By James Niccolai , IDG News Service , 07/24/2008

At Facebook's f8 developer conference, the company announced some initiatives to improve the quality of applications on its site, but it may have disappointed developers by making no significant new additions to the platform.

Founder and CEO Mark Zuckerberg kicked off Wednesday's event by acknowledging that Facebook has made mistakes in the year since it threw its site wide-open to third-party developers.

"We haven't done enough to reward the good applications or punish the applications that have just been abusive," he told a crowded hall of developers in San Francisco's South of Market district. "We're going to have to find a way to ensure the applications that provide the most long-term value are the ones that are succeeding."

Facebook has struggled to control applications that use annoying or deceitful means to attract more users, like spamming people with unnecessary notifications or sharing information from people who have not given their permission to do so.
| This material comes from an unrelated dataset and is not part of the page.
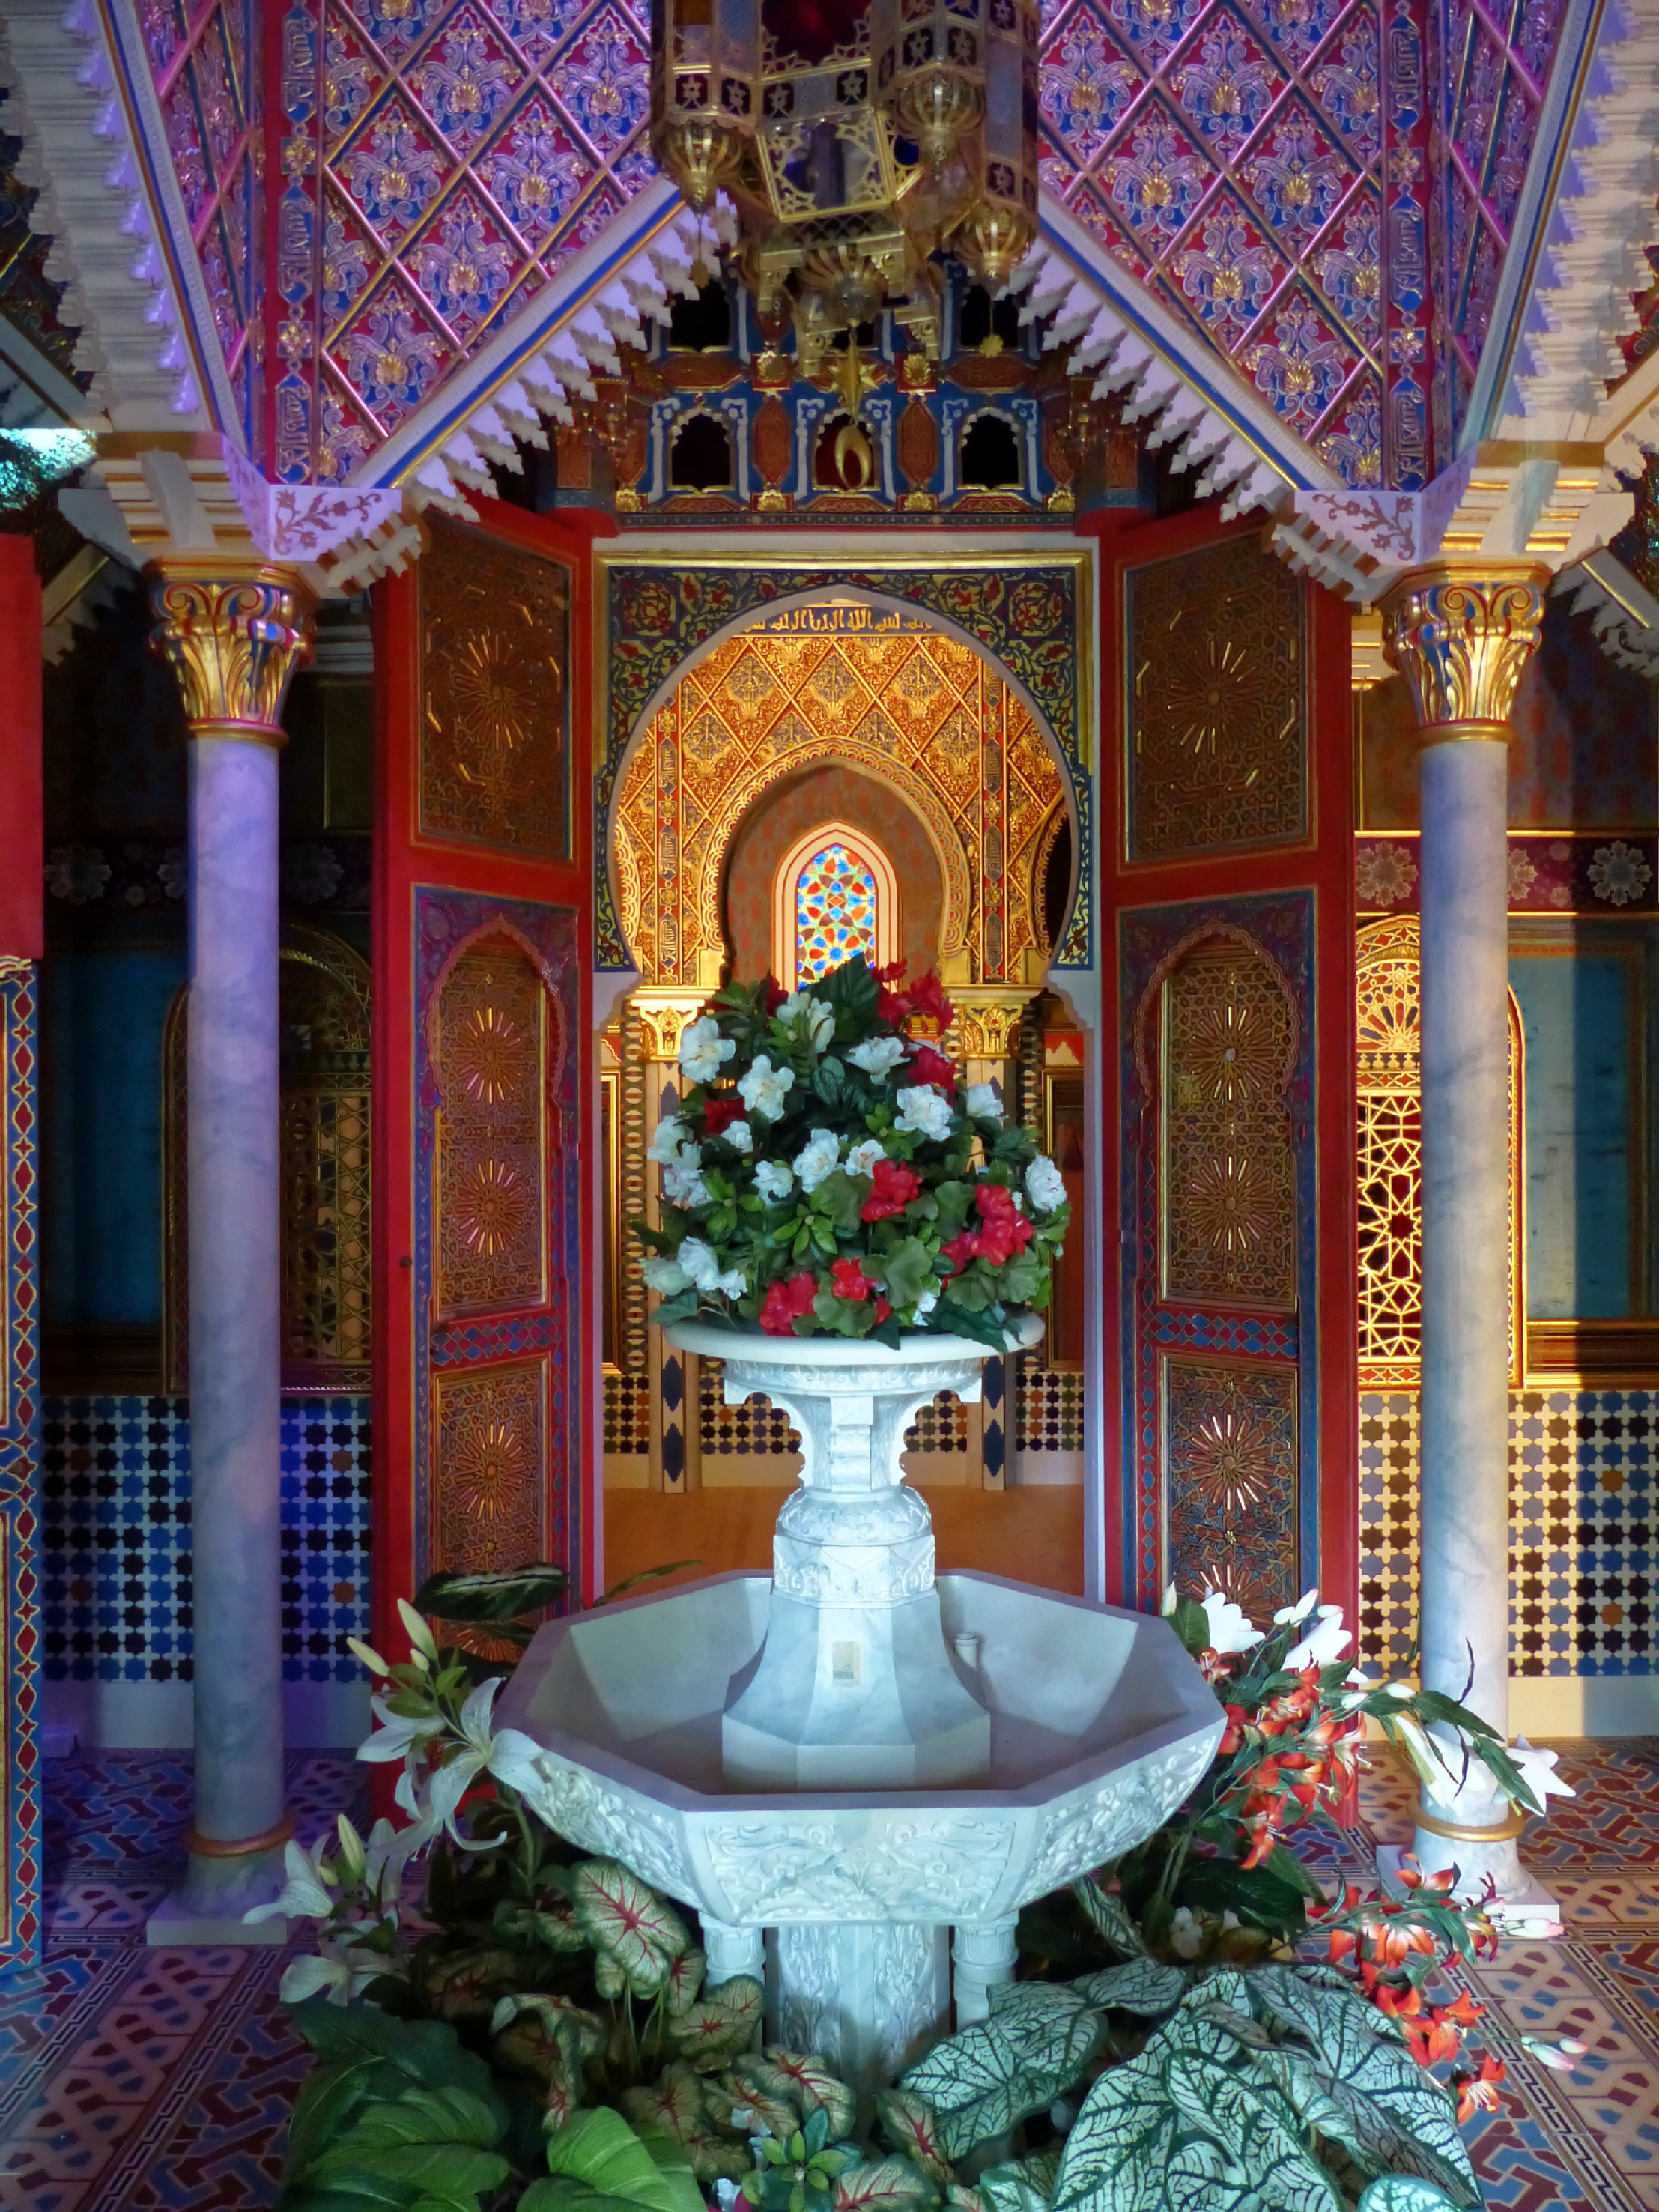 File:Linderhof Marokkanisches Haus Interieur.jpg - Wikimedia Commons

To overcome these problems, the company on Wednesday introduced the Facebook Verification program. Starting in September, developers are invited to submit their applications to Facebook to see if they meet certain criteria for trustworthiness. Applications that have been verified will be marked as such so that users know they can trust them.

It also introduced the Great Applications program for applications that meet an even longer list of criteria, including being "meaningful" and well-designed. The music streaming service iLike and a philanthropy application called Causes were the first to be recognized as Great Applications. The company expects to select only a dozen or so Great Apps over the next year, officials here said.

Zuckerberg also announced some new tools for developers, including the ability to submit their applications to Facebook's language-translation system, which enlists Facebook users around the world to help translate the site. Facebook has used the system to translate its own Web pages into several languages, and it is now available to third-party applications to use.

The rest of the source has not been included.